MAGISTRATE JUDGE FRENSLEY MEMORANDUM
Ivan Collado, an inmate in the custody of the United States at FCI-Fort Dix in New Jersey, has filed a pro se complaint under 42 U.S.C. § 1983 against unknown law enforcement officers of the 21st Judicial District Drug Task Force in Nashville, Tennessee. (Doc. No. 1, 3). He also filed an application to proceed in this Court without prepaying fees and costs. (Doc. No. 2). The case is before the Court for a ruling on the application and for an initial review pursuant to the Prison Litigation Reform Act ("PLRA"), 28 U.S.C. §§ 1915(e)(2) and 1915A.
The Court has determined that Plaintiff inadvertently checked the box for a "Bivens claim" against federal defendants on his Complaint instead of the adjacent box for a § 1983 claim against state or local defendants. The Court proceeds under the understanding that Plaintiff intends to bring a Section 1983 claim.
I. APPLICATION TO PROCEED AS A PAUPER
The Court may authorize a prisoner to file a civil suit without prepaying the filing fee. 28 U.S.C. § 1915(a). Plaintiff's application to proceed as a pauper reflects that he cannot pay the full filing fee in advance. (See Doc. No. 2). Accordingly, the application will be granted and the $350.00 filing fee will be assessed as directed in the accompanying Order. 28 U.S.C. § 1915(b)(1).

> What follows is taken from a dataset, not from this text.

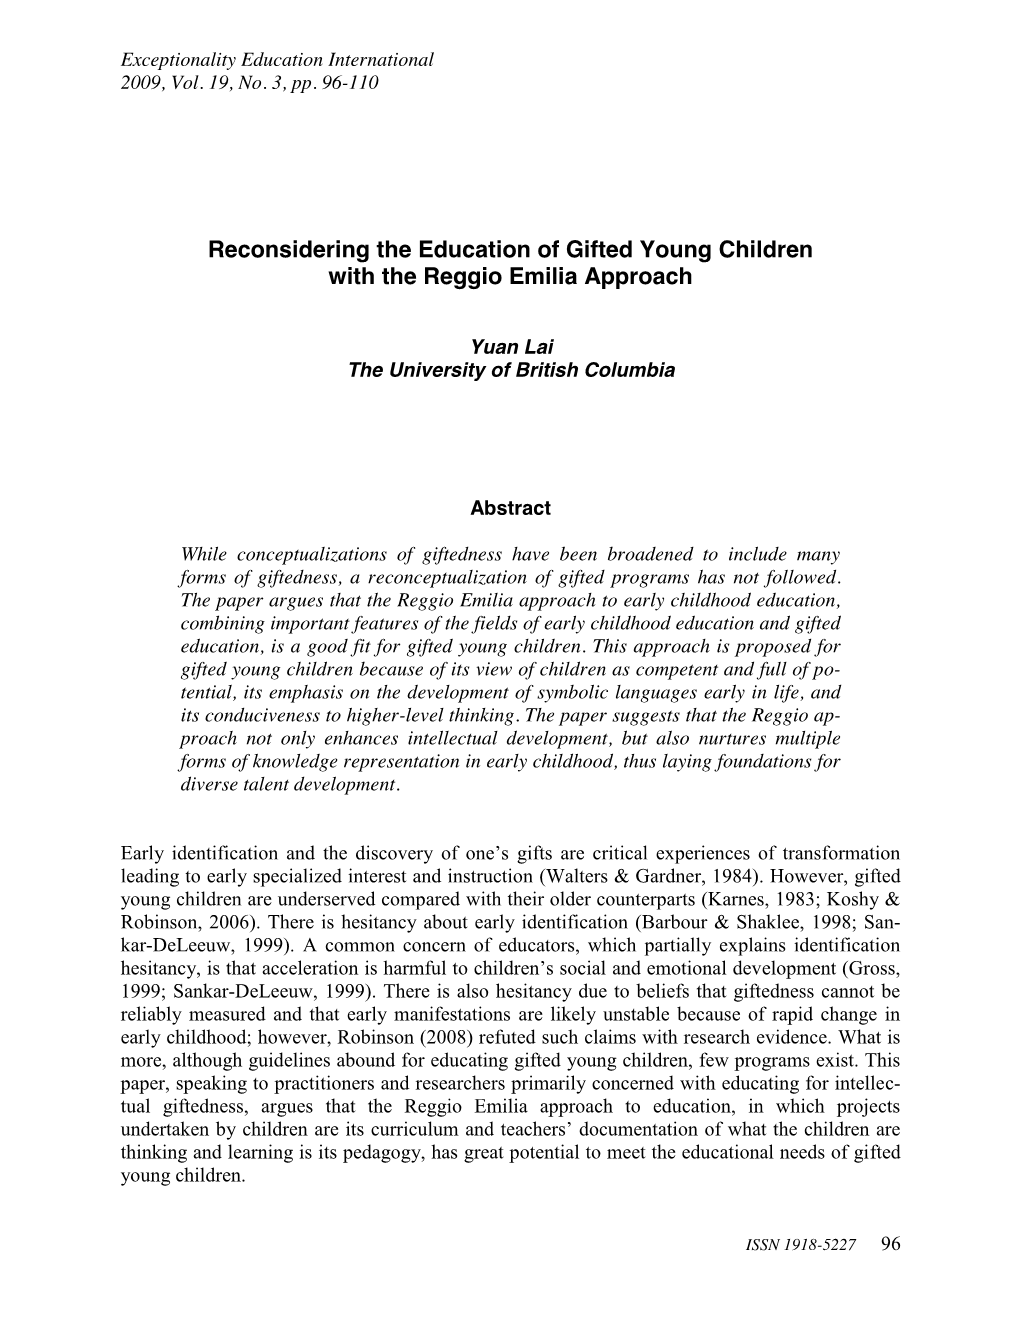 Reconsidering the Education of Gifted Young Children with the Reggio Emilia Approach
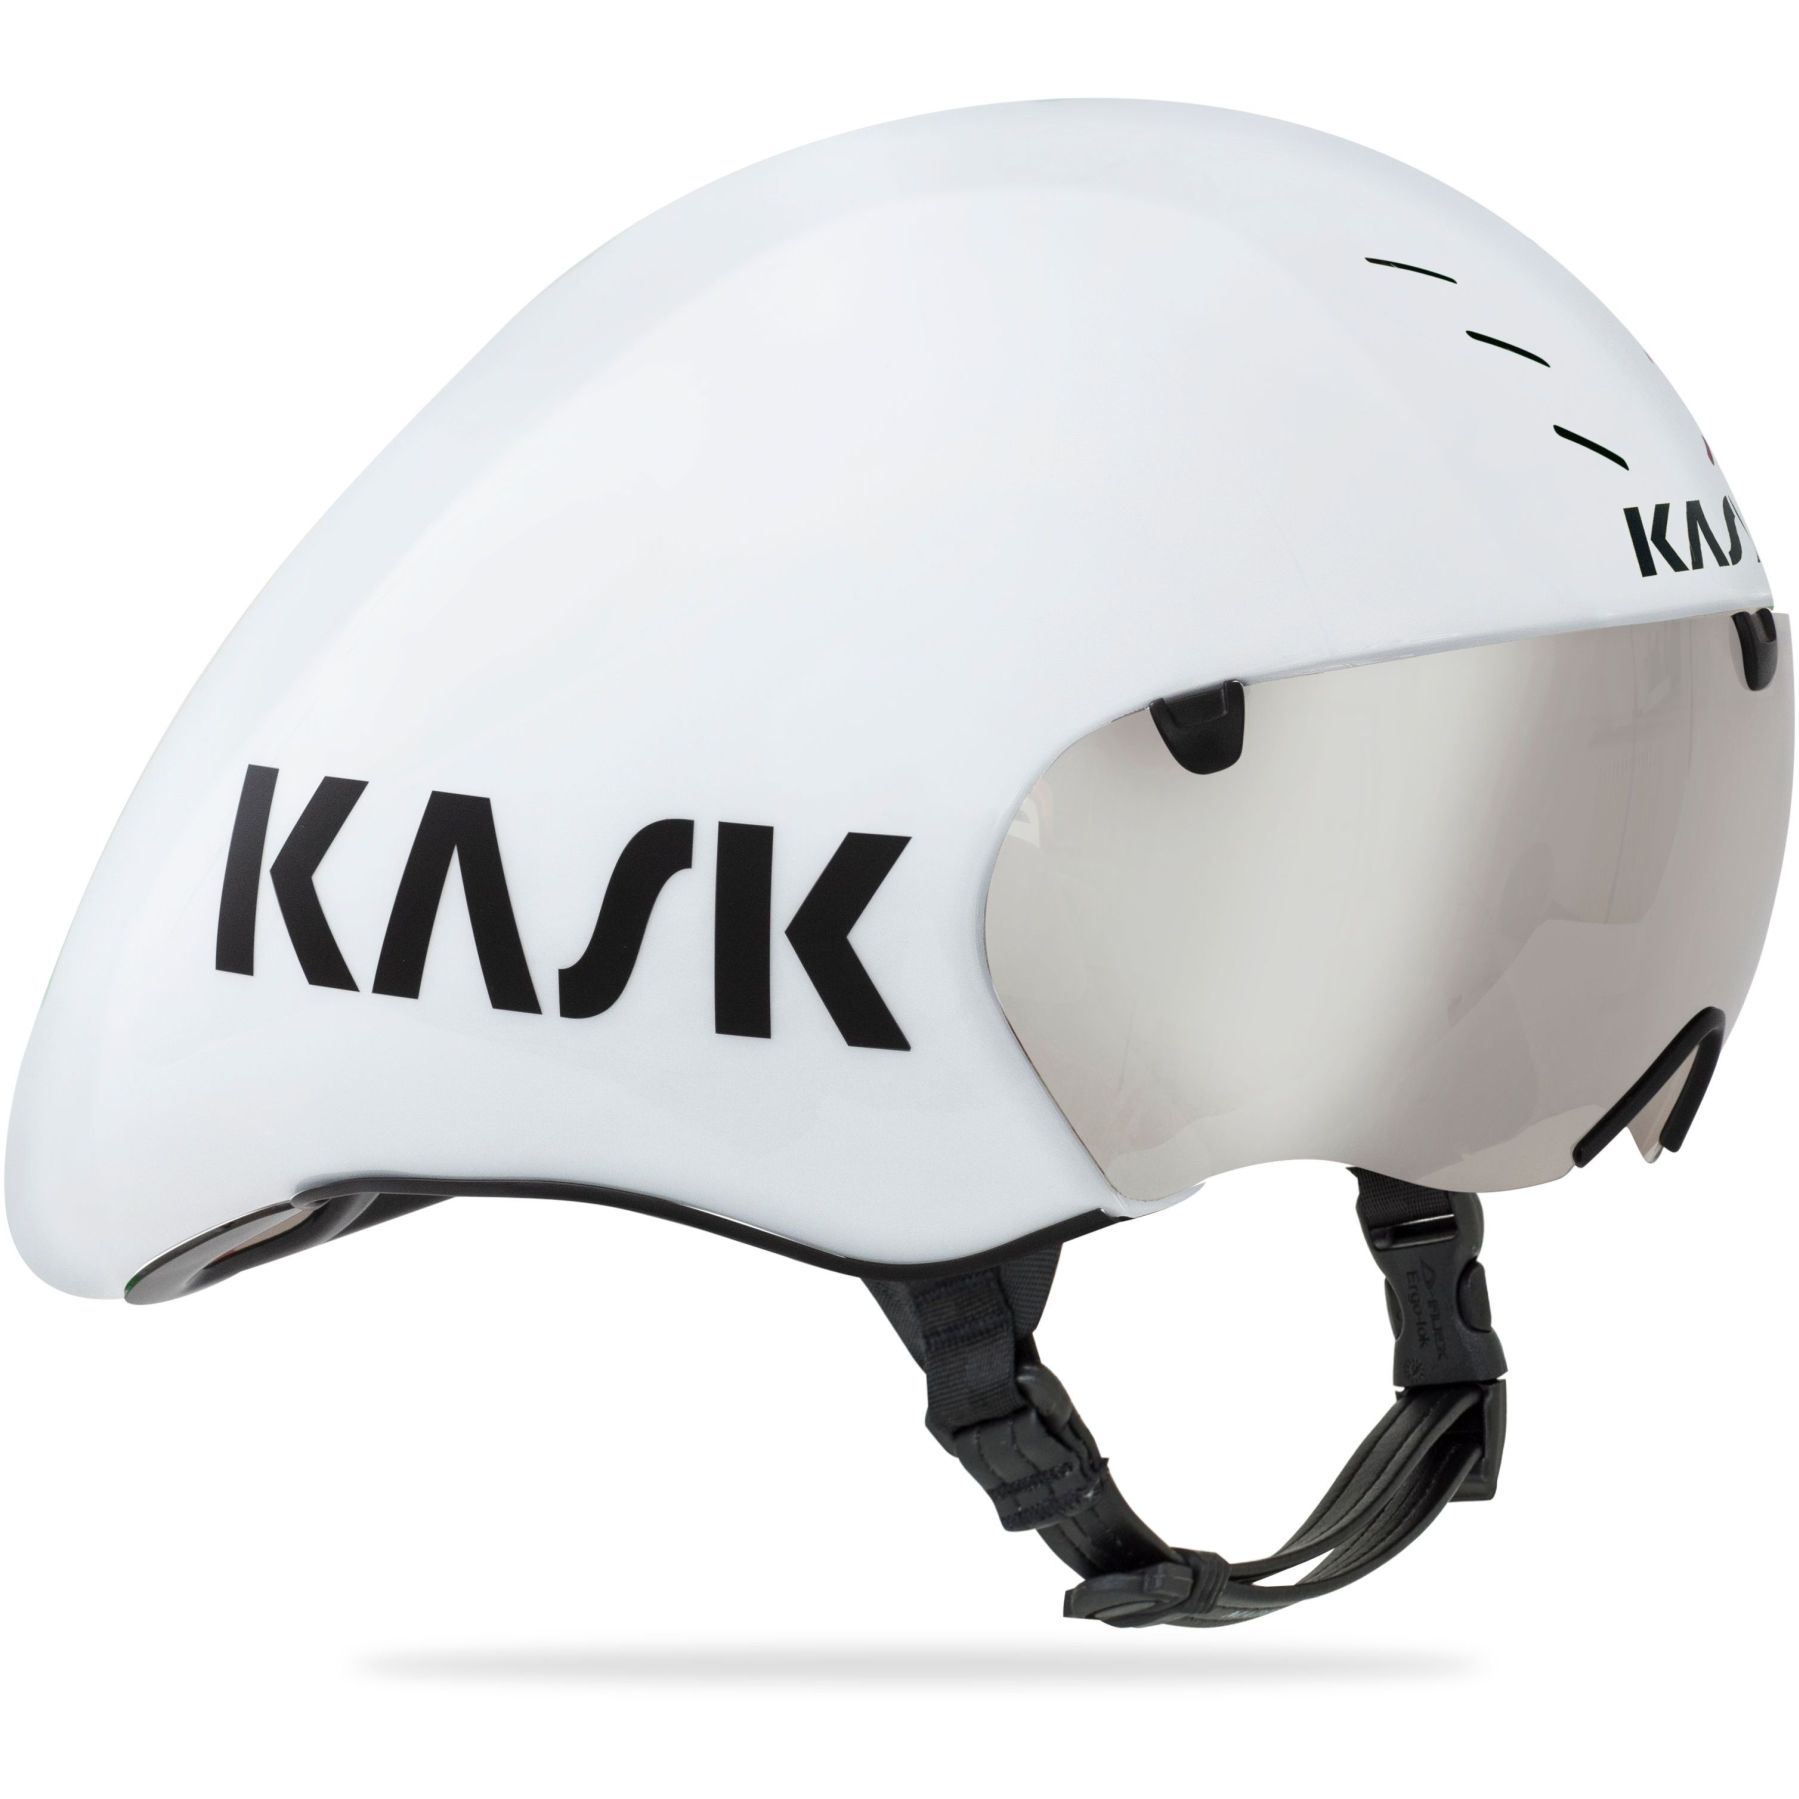 Picture of KASK Bambino Pro Evo Time Trial Helmet - White

II. INITIAL REVIEW OF COMPLAINT
Under the PLRA, the Court must review and dismiss the Complaint if it is frivolous or malicious, fails to state a claim, or seeks monetary relief from an immune defendant. 28 U.S.C. § 1915A.
A. Standard of Review
To determine whether a complaint "fails to state a claim on which relief may be granted" under the PLRA's screening requirements, the Court applies the same standard as under Rule 12(b)(6) of the Federal Rules of Civil Procedure. Hill v. Lappin, 630 F.3d 468, 470-71 (6th Cir. 2010). The Court must (1) view the complaint in the light most favorable to the plaintiff and (2) take all well-pleaded factual allegations as true unless they are entirely without credibility. Williams v. Curtin, 631 F.3d 380, 383 (6th Cir. 2011); Tackett v. M & G Polymers, USA, LLC, 561 F.3d 478, 488 (6th Cir. 2009) (citing Gunasekera v. Irwin, 551 F.3d 461, 466 (6th Cir. 2009)). An assumption of truth does not extend to legal conclusions or "'naked assertion[s]' devoid of 'further factual enhancement.'" Ashcroft v. Iqbal, 556 U.S. 662, 678 (2009) (quoting Bell Atl. Corp. v. Twombly, 550 U.S. 544, 557 (2007)). The Court determines whether those factual allegations "plausibly suggest an entitlement to relief," Williams, 631 F.3d at 383 (quoting Iqbal, 556 U.S. at 681 (2009)), that rises "above the speculative level," Twombly, 550 U.S. at 555.
"Pro se complaints are to be held to less stringent standards than formal pleadings drafted by lawyers, and should therefore be liberally construed." Williams, 631 F.3d at 383; Erickson v. Pardus, 551 U.S. 89, 93 (2007) (citing Estelle v. Gamble, 429 U.S. 97 (1976)). Even under this lenient standard, however, pro se plaintiffs must meet basic pleading requirements and are not exempted from the requirements of the Federal Rules of Civil Procedure. Martin v. Overton, 391 F.3d 710, 714 (6th Cir. 2004); Wells v. Brown, 891 F.2d 591, 594 (6th Cir. 1989); see also Young Bok Song v. Gipson, 423 F. App'x 506, 510 (6th Cir. 2011) (explaining the role of courts is not "to ferret out the strongest cause of action on behalf of pro se litigants" or to "advis[e] litigants as to what legal theories they should pursue"). B. Factual Allegations
These facts are derived from an Affidavit that Plaintiff filed with the Complaint. (Doc. No. 3).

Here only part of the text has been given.